Obviously my finance-stock-stuffed portfolio is not spared from the chaos. It ended the month with a 3.75% loss, even slightly worse than the benchmark loss of 3.47% in the same month. On a year-to-date basis, my portfolio is still up 9.4%, compared to 8.4% gain of the benchmark.
I'm quite busy in managing my positions in November. Key transactions include:
1) Exercised 1/3 of my vested employee stock option positions (MSFT) at $36.60. Before this month's transaction, I haven't exercised stock option for over 7 years now. The action is prompted first by valuation concerns -- MSFT was bid up to a level that is above my calculation of intrinsic value after a blow-out Q1 release, and second by diversification purposes -- my employee stock option account was representing 17% of our net worth at the end of October and it was obviously too high.

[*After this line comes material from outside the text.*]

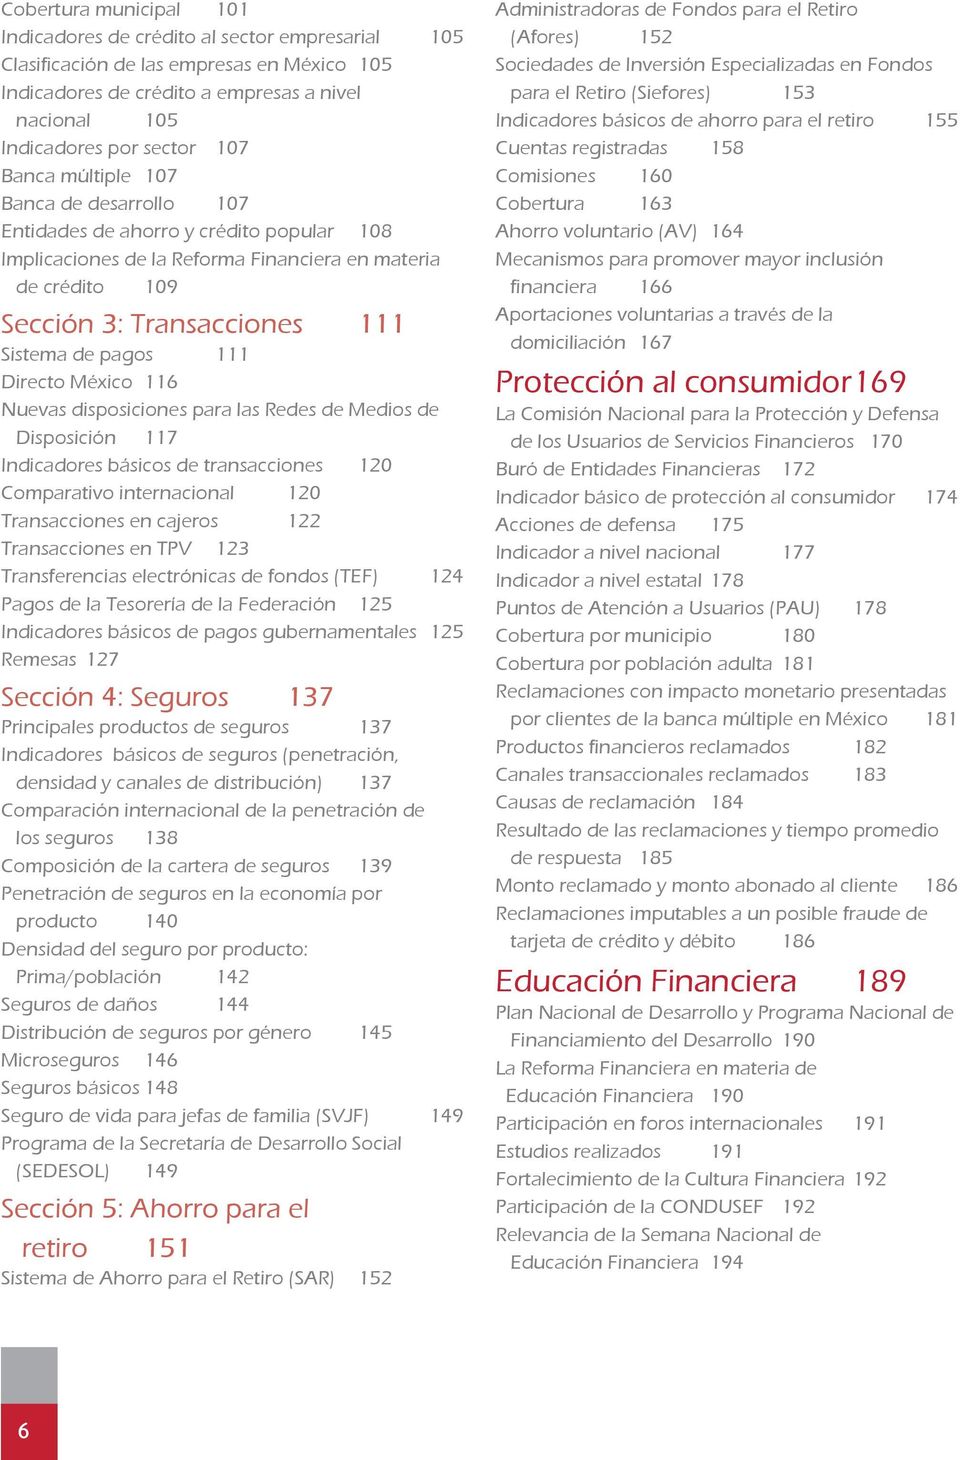 Directo México 116 Nuevas disposiciones para las Redes de Medios de Disposición 117 Indicadores básicos de transacciones 120 Comparativo internacional 120 Transacciones en cajeros 122 Transacciones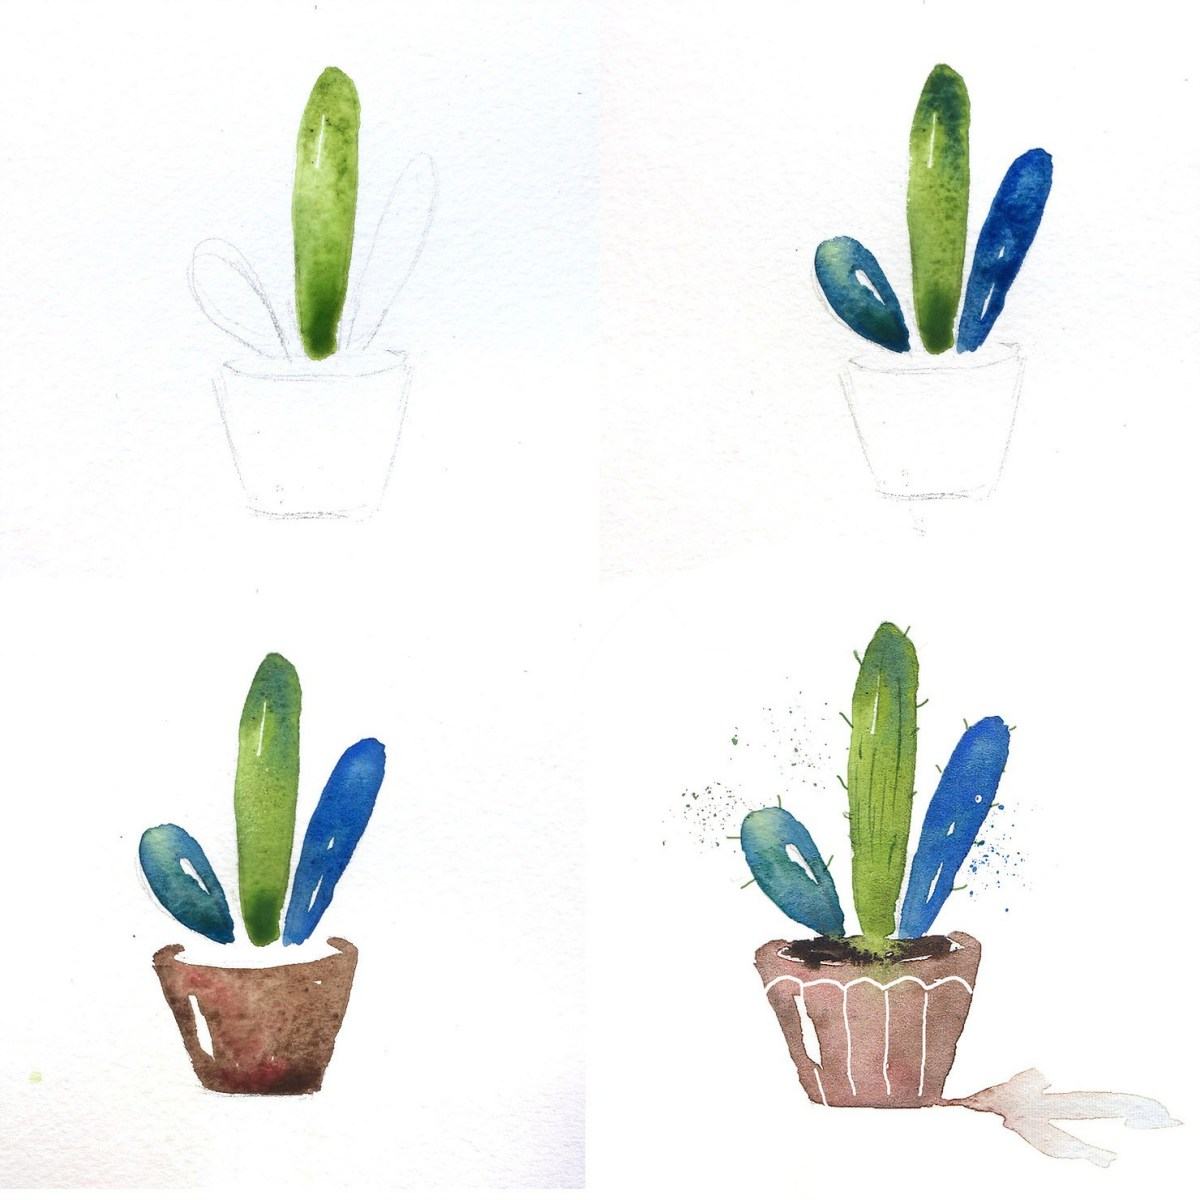 Dreiteiliger Kaktus in Blau und Grün mit Stacheln aus Wasserfarben gestaltet

2) I sold all 400 shares of Apollo Group (APOL), the online education titan that is behind University of Phoenix and alike, at $71.21. I bought these stocks back in November 20, 2006 at $35.05 apiece following Morningstar's recommendations, and although I didn't catch the high, I'm comfortable with the double-bagger performance. Also, since I sold after the 20th, all capital gains will be taxed on a long-term gain basis.
3) I snapped on American Express (AXP) and Bank of America (BAC) before the end of the month. Although there are still uncertainties, my firm belief is financial stocks are screaming value now.
- I might need to make one or two loss-taking tax-driven sales. Likely I will sell some Citigroup (C) shares at a loss and (temporarily) replace them with a similar issue.
- With the cash infusion after my stock option exercise, my cash position is higher than I would like to be. I'm looking for opportunities to reduce my cash position to 15% or below in coming months.